How much riding do you do on a loose rein, meaning no contact at all? I was just reading about this: every time you unnecessarily ride with contact (standing there yakking, going to arena from barn, trail riding, etc.) you're ruining horse's mouth! The major part of riding should be on a truly loose rein. Giving your horse that 80-90% of the time you're with it, as well as not leading horse with the taut lead/rein, will do wonders for its mouth.
     
    04-23-2010, 03:53 PM
  #7
Started
Sorry to double, but my edit functions are covered by a pop-up I can't get rid of: in longeing, I hope she's not on hardpack! She needs well-banked perimeter for her balance & body. Plus, only your pony can teach you! You want to be with your pony, instinctively, not on top of it doing what somebody else says to do, to your intellect. There's lots of free info online that I think'd be helpful, too. Good luck!
     
    04-23-2010, 05:02 PM
  #8
Foal
Quote:
Originally Posted by Northern    
How much riding do you do on a loose rein, meaning no contact at all? I was just reading about this: every time you unnecessarily ride with contact (standing there yakking, going to arena from barn, trail riding, etc.) you're ruining horse's mouth! The major part of riding should be on a truly loose rein. Giving your horse that 80-90% of the time you're with it, as well as not leading horse with the taut lead/rein, will do wonders for its mouth.
:roll:
     
    04-23-2010, 11:42 PM
  #9
Foal
Lol
Posted via Mobile Device
     
    04-24-2010, 01:58 PM
  #10
Foal
Thank you Rule of Reason, your answer made me realise that whilst I am making things worse at the minute, there are ways to improve things which is definitely a positive thought and which I am definitely going to continue with!!!
And yes, my instructor does tell me to use half-halts to slow her down,and to have a contact so there is no slack in the reins, and use half-halts to steady the pace which I understand the concept of and do use them and will just take it slowly until im happy with it walk and then trot before I head to the canter!
And I do know exactly what you mean about how long these faults take to get rid of; considering I feel like this came on overnight!

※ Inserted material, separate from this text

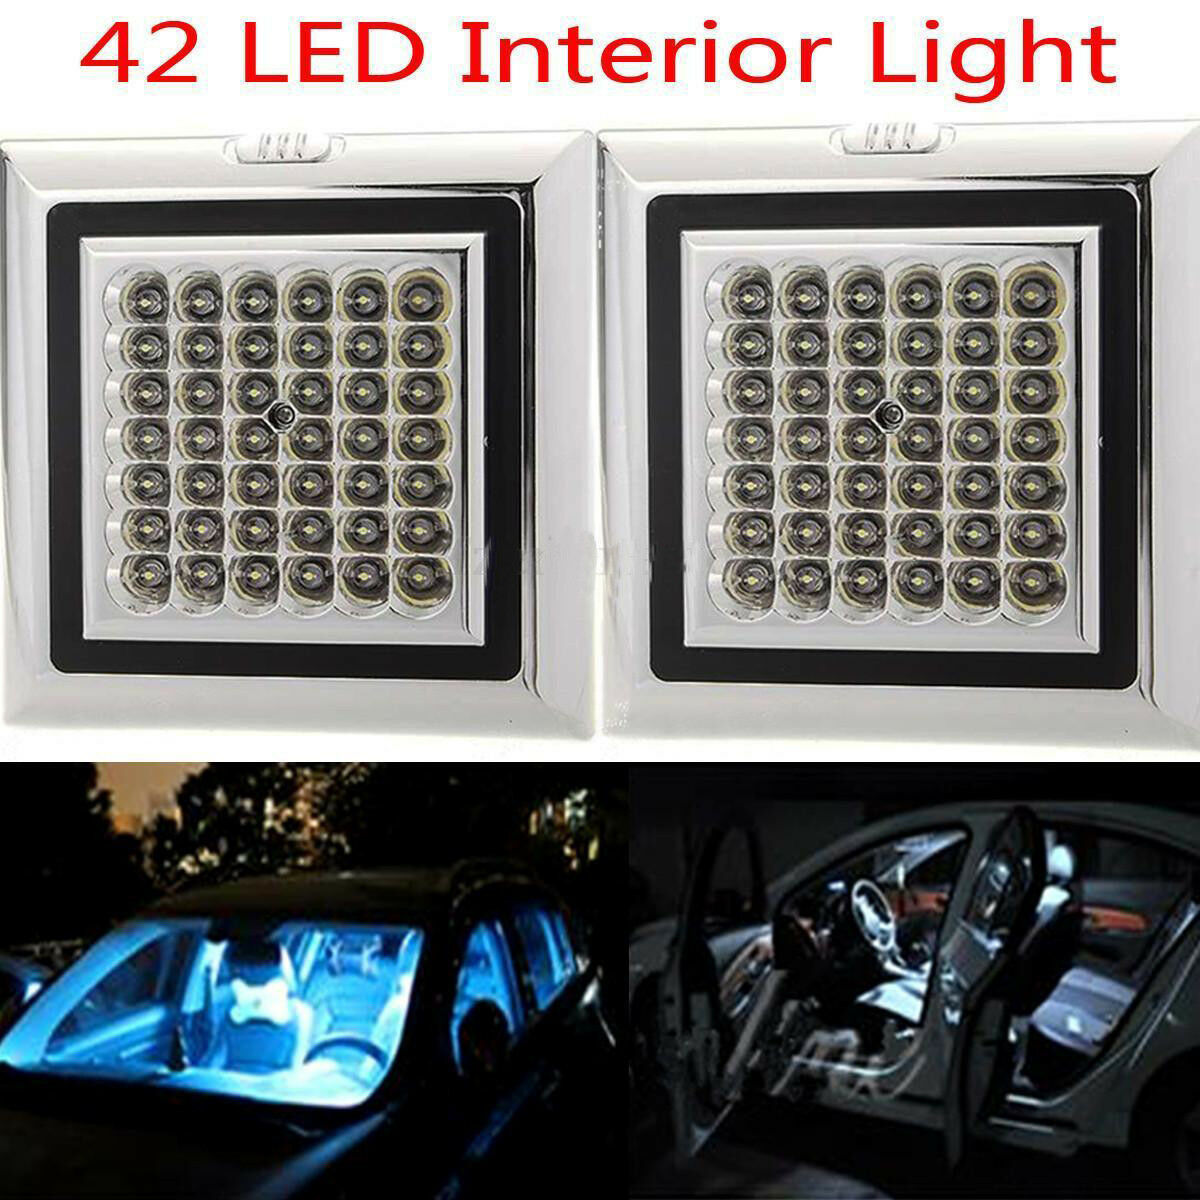 12 V Volt 42 Led Interior Ceiling Cabin Light Lamp For Caravan Boat Truck Car
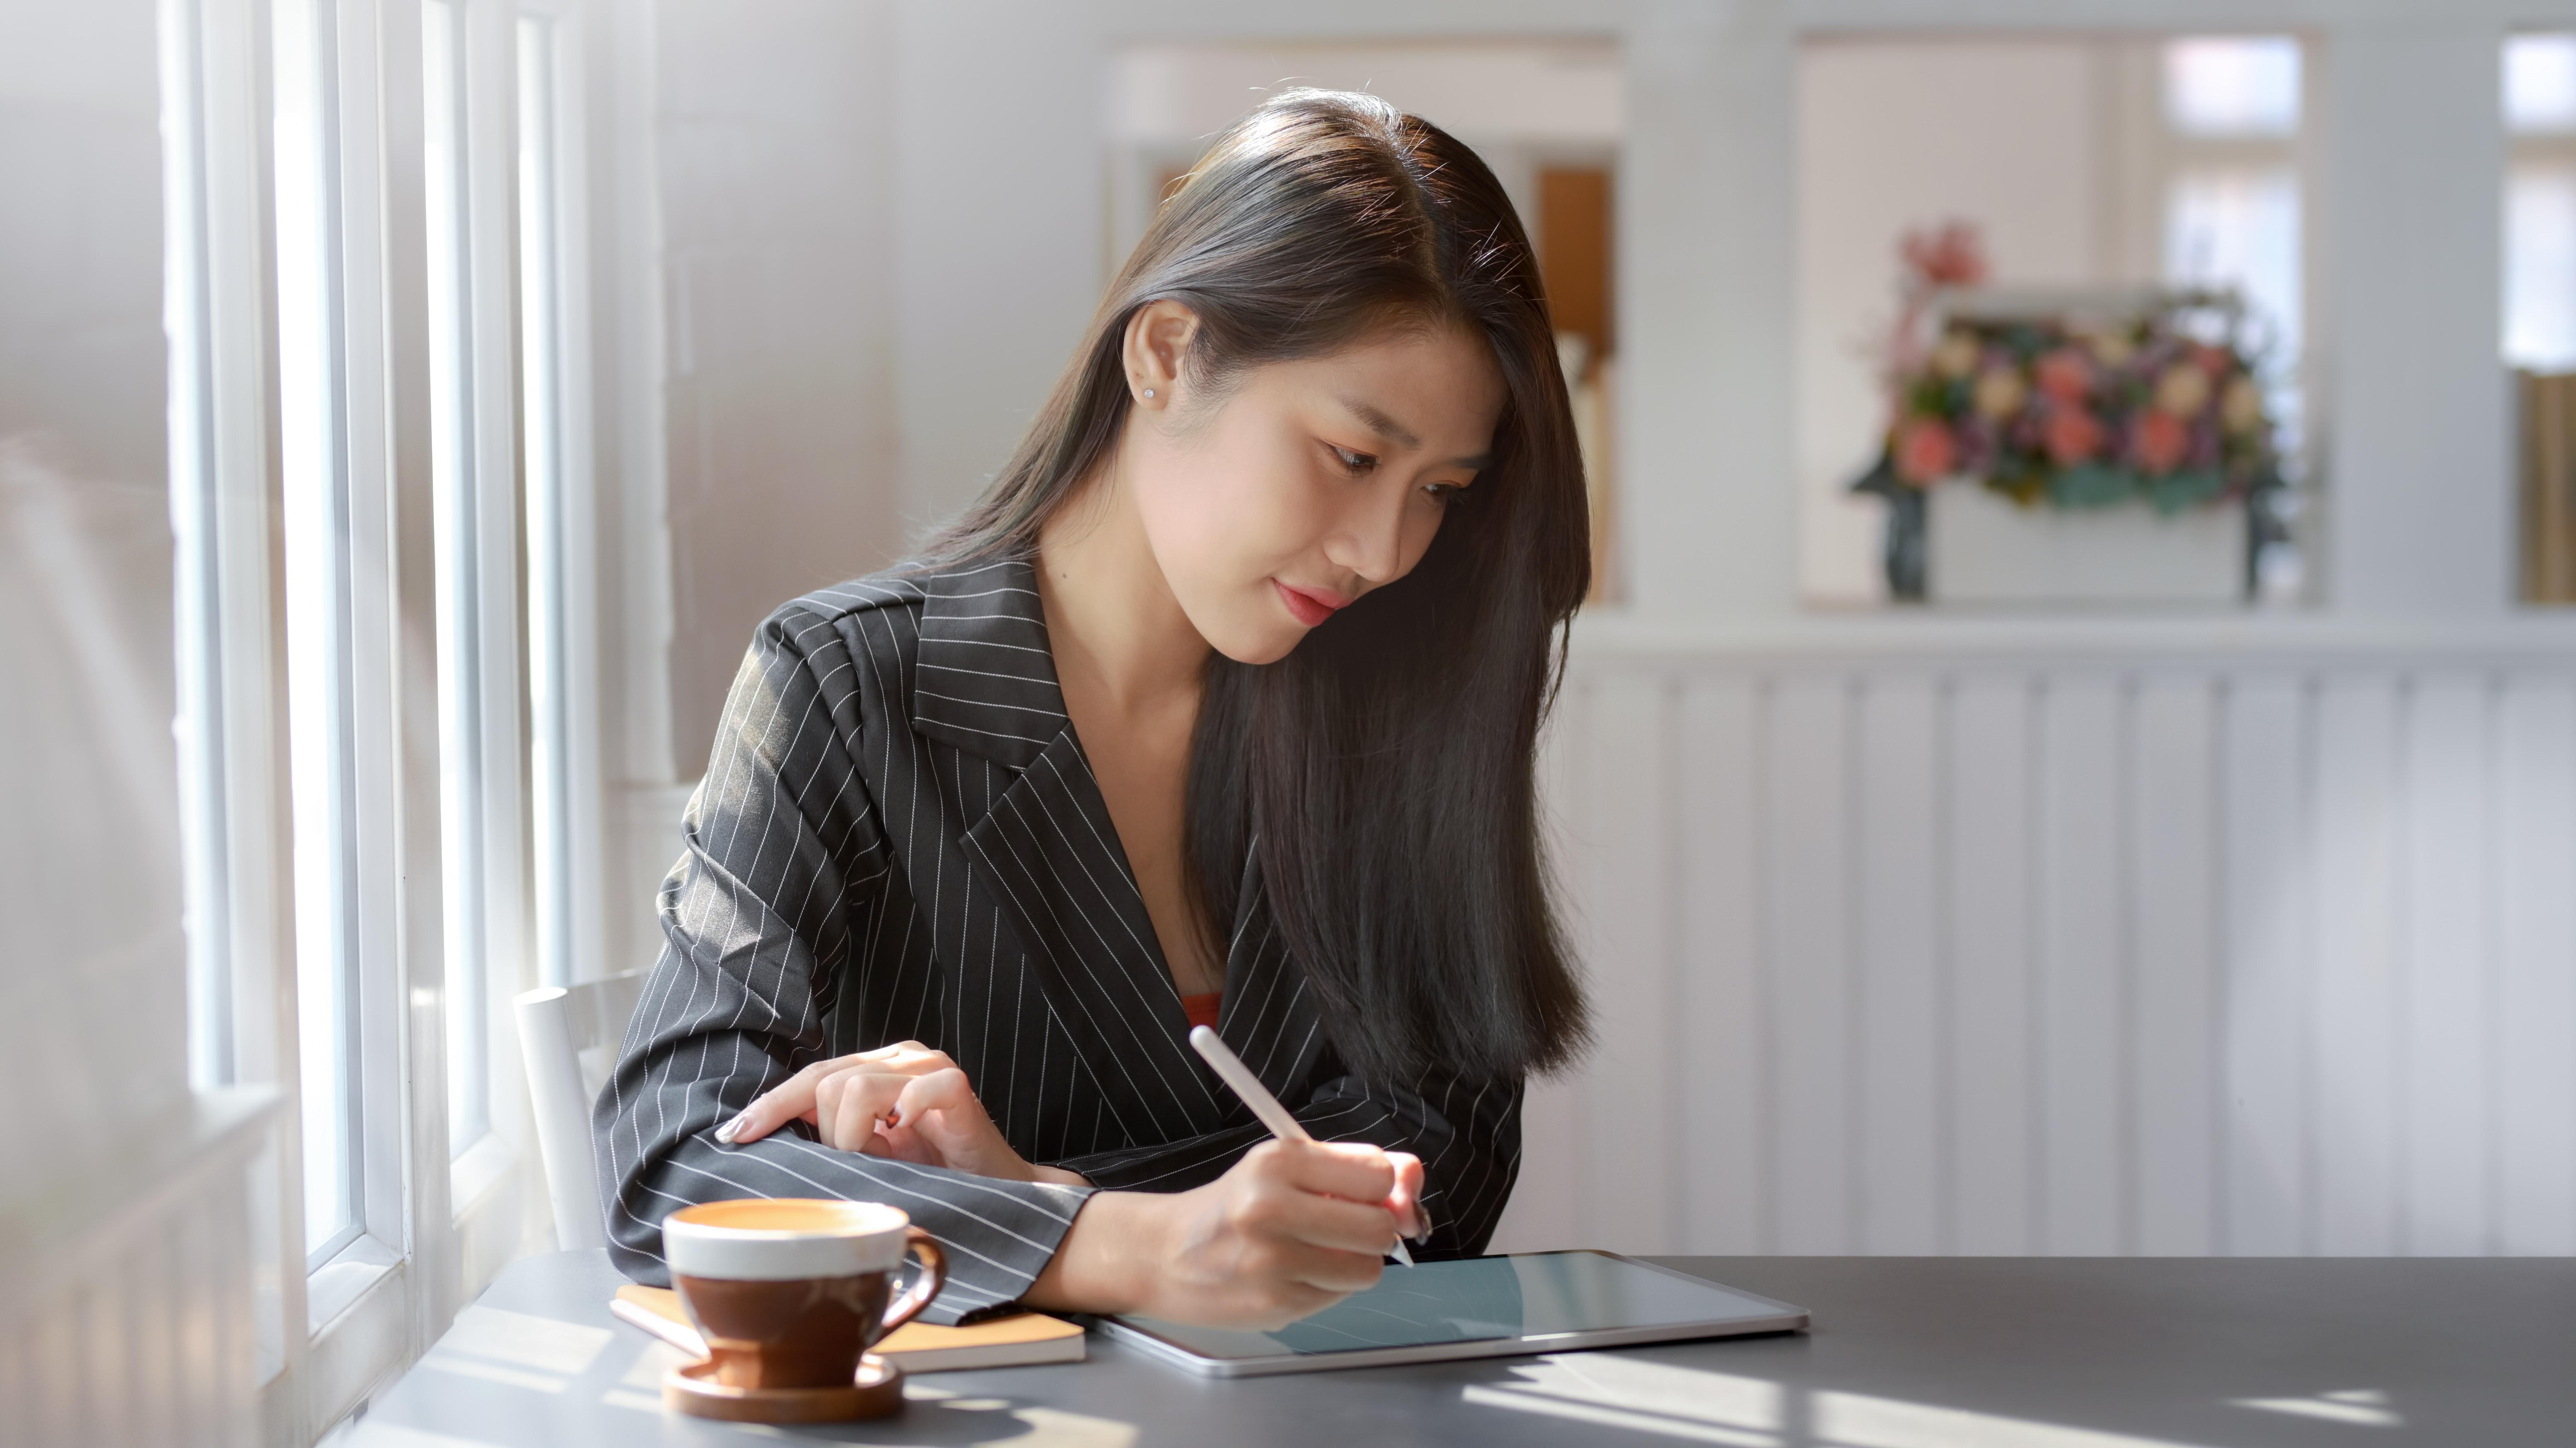 Do You Enjoy Your Job More Or Less While WFH

And to be honest, I do the majoirty of my walk on a long rein, but with my horse, even when I first got her and she was an angel to ride(without me being awful with my hands) she needed you to have a feel on the reins, a contact with her mouth. Not so much that she needs your hands to balance with as she was and still is light in the mouth but needs you there for support. Well I personally think anyway and as did my instructor who has ridden her a few times. I know the importance of not being overly harsh on the mouth so as to make it 'dead' but think you have to alter this to each horse?? I know I horse who does not like contact AT ALL with his mouth and will go in a steady, lovely pace and turn, slow and speed up on a loose rein but not all will!